2019年02月08日 1562号

【「個人請求権」めぐる謎/言い逃れを連発してきた日本政府/国内外の戦後補償要求を拒否】

 「1965年の日韓請求権協定で決着済みの問題だ」。元徴用工らへの賠償を命じる判決が韓国の裁判所で相次いでいることについて、安倍晋三首相はこう非難している。その一方で、日本政府は従前から「日韓協定は個人の請求権まで消滅させたものではない」と説明してきた。何ともねじれた話である。一体どういうことなのか。

国内の要求拒むため

 安倍政権を政策面で支持している人は少ない。経済、社会保障、外交―どれをとっても世論調査では低評価だ。例外は韓国への対決姿勢である。これだけは圧倒的な「支持」を得ている。

 産経新聞とFNNの世論調査(1/19〜1/20実施)によると、「賠償問題は1965年の日韓請求権協定で解決済み」とする日本政府の立場について、84・5%が「支持する」と答えている(「支持しない」は9・4%)。支持が8割超えとはすさまじい。「法的に決着済み」は国論化していると言ってよい。

 だが、日韓請求権協定における請求権放棄条項(2条1項)の意味を、日本政府が次のように説明していることはあまり知られていない。「これは日韓両国が国家として持っている外交保護権を相互に放棄したということでございます。個人の請求権そのものを国内法的な意味で消滅させたというものではございません」(柳井俊二・外務省条約局長/1991年8月)

 意外に思われるかもしれない。
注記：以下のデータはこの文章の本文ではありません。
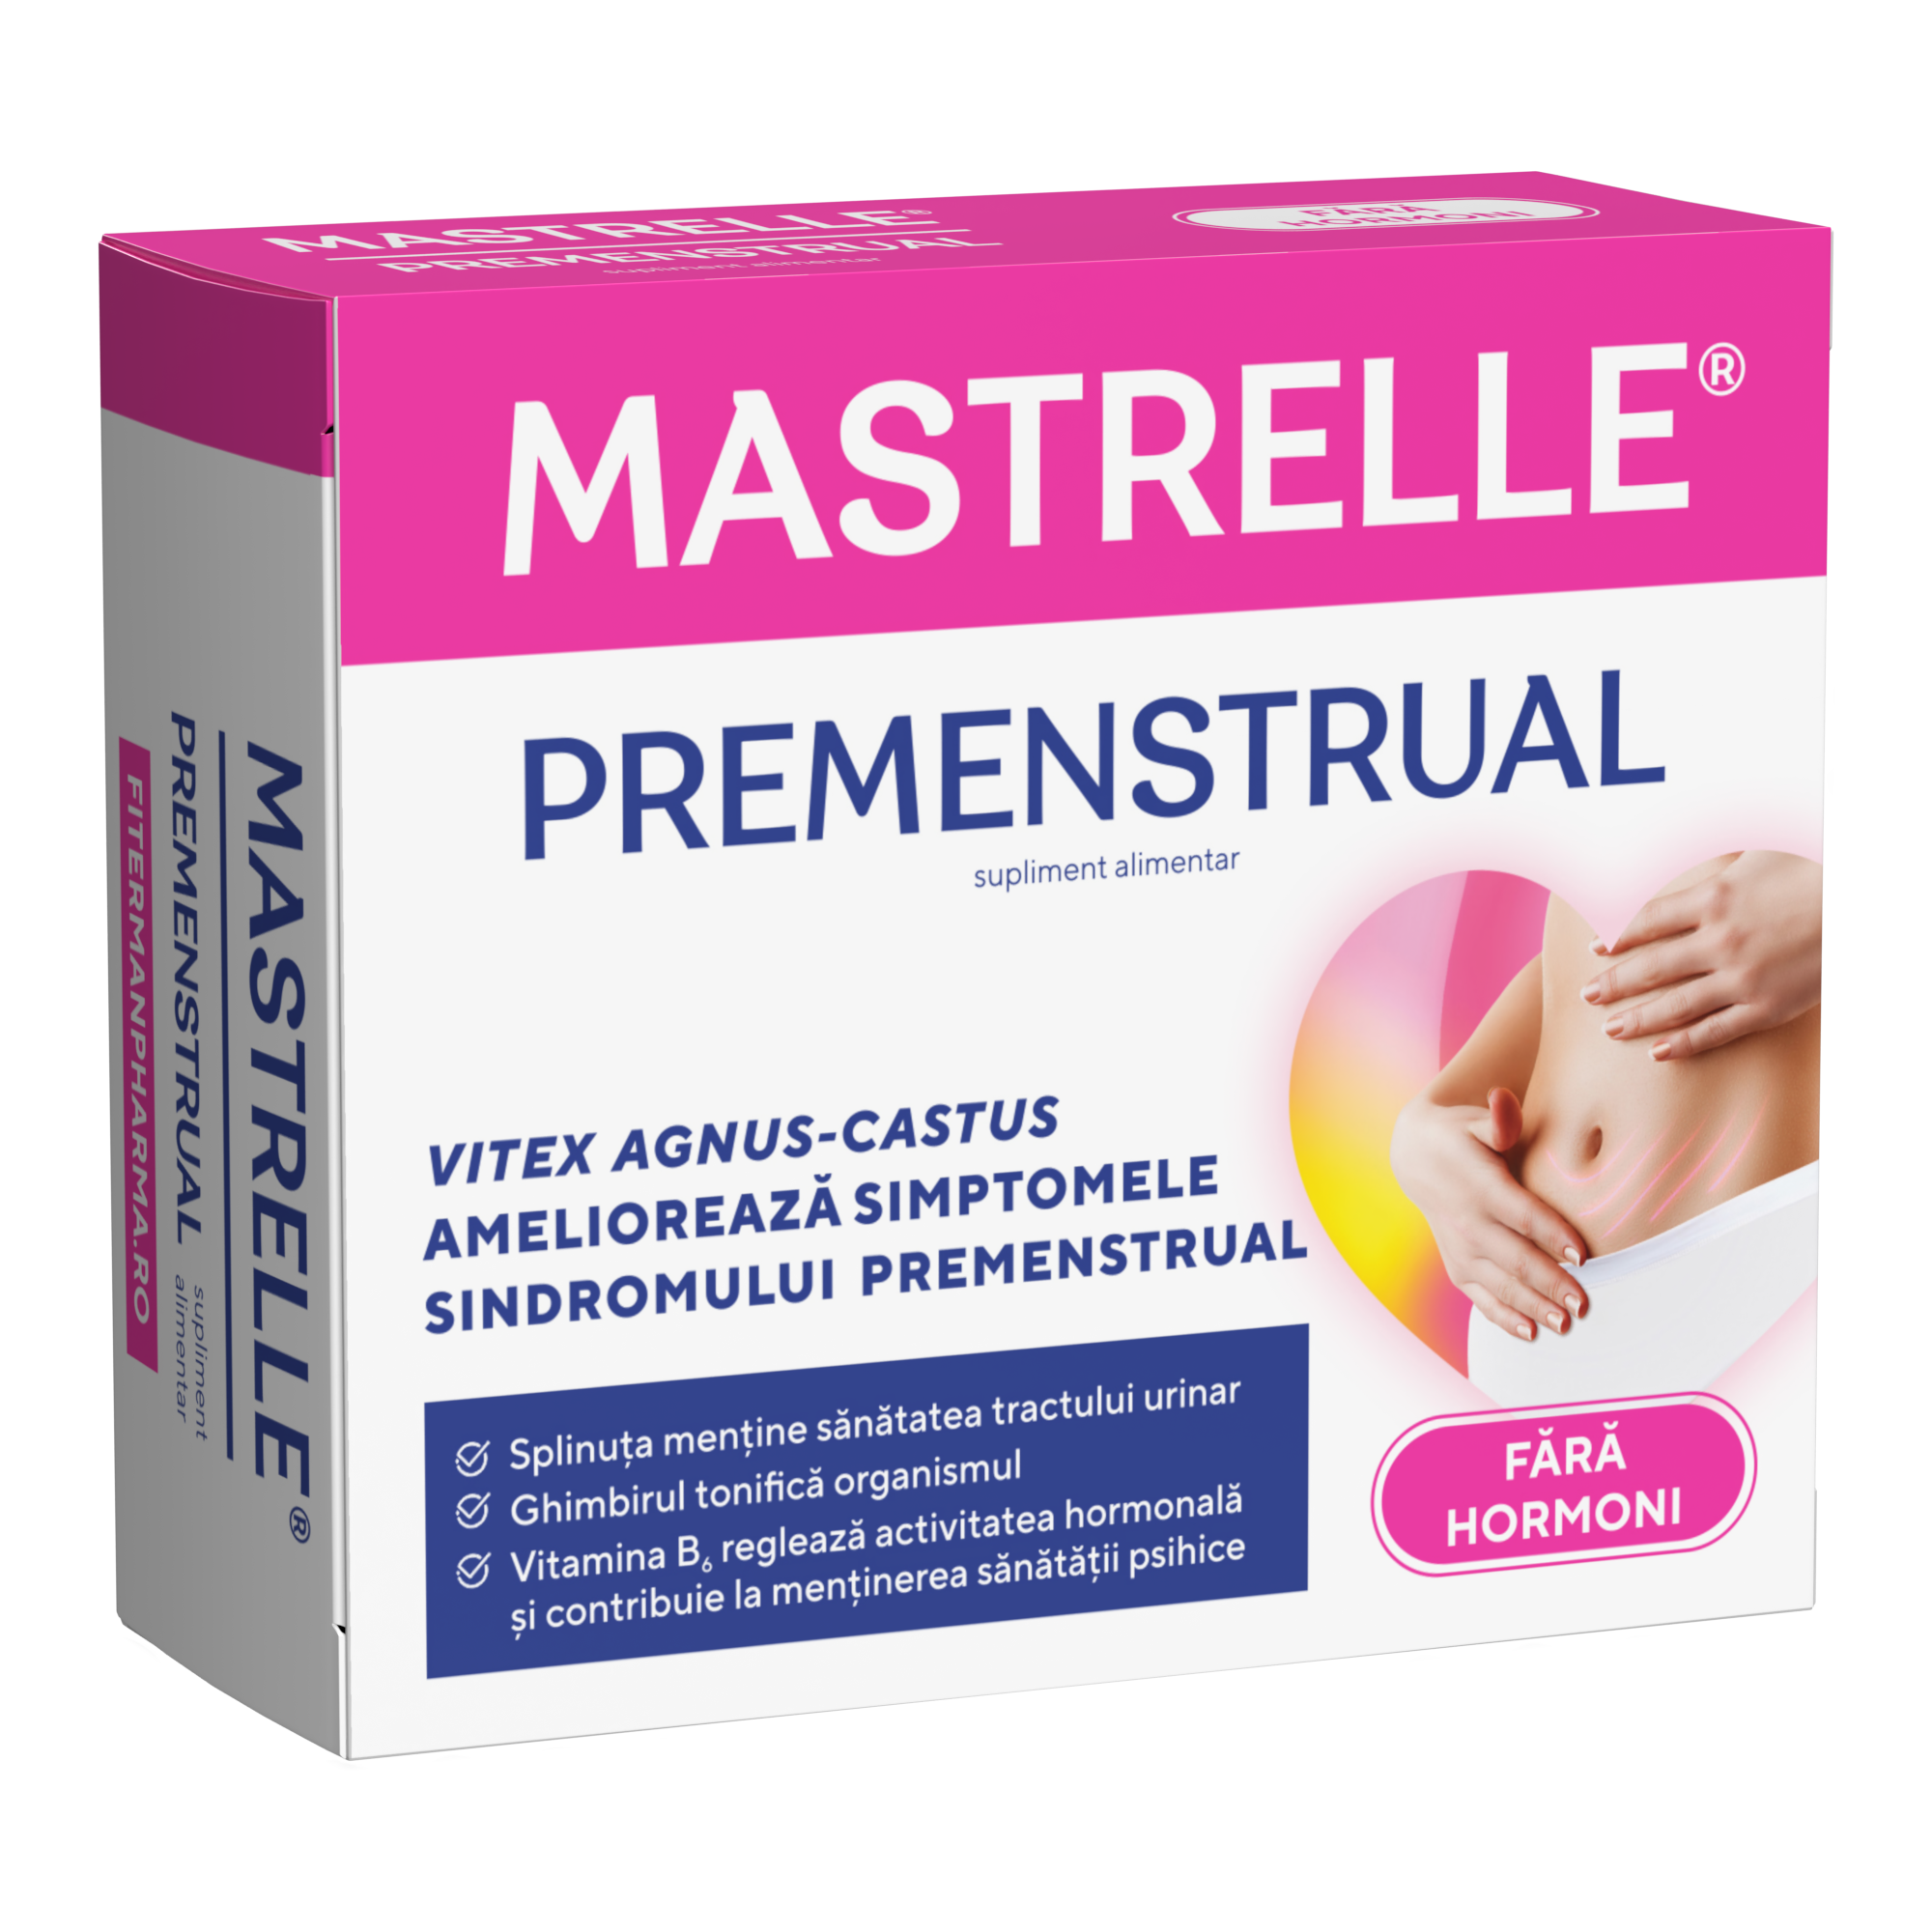 Sistemul genito-urinar - Mastrelle Premenstrual, 30 comprimate filmate, Fiterman, nordpharm.ro

同様の請求権放棄条項は日本の戦後処理に関する諸条約(サンフランシスコ平和条約、日ソ共同宣言、日中共同声明など)にも存在する。これらの規定で個人請求権も消滅したと主張したほうが、海外からの戦後補償要求を拒むには都合がよいはずだ。だが、日本政府はそうしていない。自国民の権利を奪ったとなれば、日本の戦争被害者から損失補償を求められるおそれがあるからである。

 実際に、広島・長崎の原爆被害者が「サンフランシスコ講和条約により米国に賠償請求できなくなった」として、日本政府に補償を求める裁判を起こしている。政府はこう反論した。「条約は個人の請求権まで消滅させるものではなく、原告は権利を侵害されていない」。よって、国が被害者に補償する義務は生じてないというわけだ。

 このように、「個人の請求権は条約で消滅していない」との論法は日本の被害者に対する責任を免れるために編み出したものだった。だから、海外からの戦後補償要求に対しては都合が悪い解釈であっても、維持し続けねばならないのである。

新解釈を切り札に

 1990年から10年の間に韓国の戦争被害者が提訴した戦後補償裁判において、日本政府が「日韓請求権協定で解決済み」との抗弁をした例は一つもない。補償を拒む法的根拠にはならないと認識していた証拠である。彼らはもっぱら「時効」や「国家無答責」(明治憲法下では国家は不法行為の賠償責任を負わないとする法理)を補償要求をはねつける盾に使ってきた。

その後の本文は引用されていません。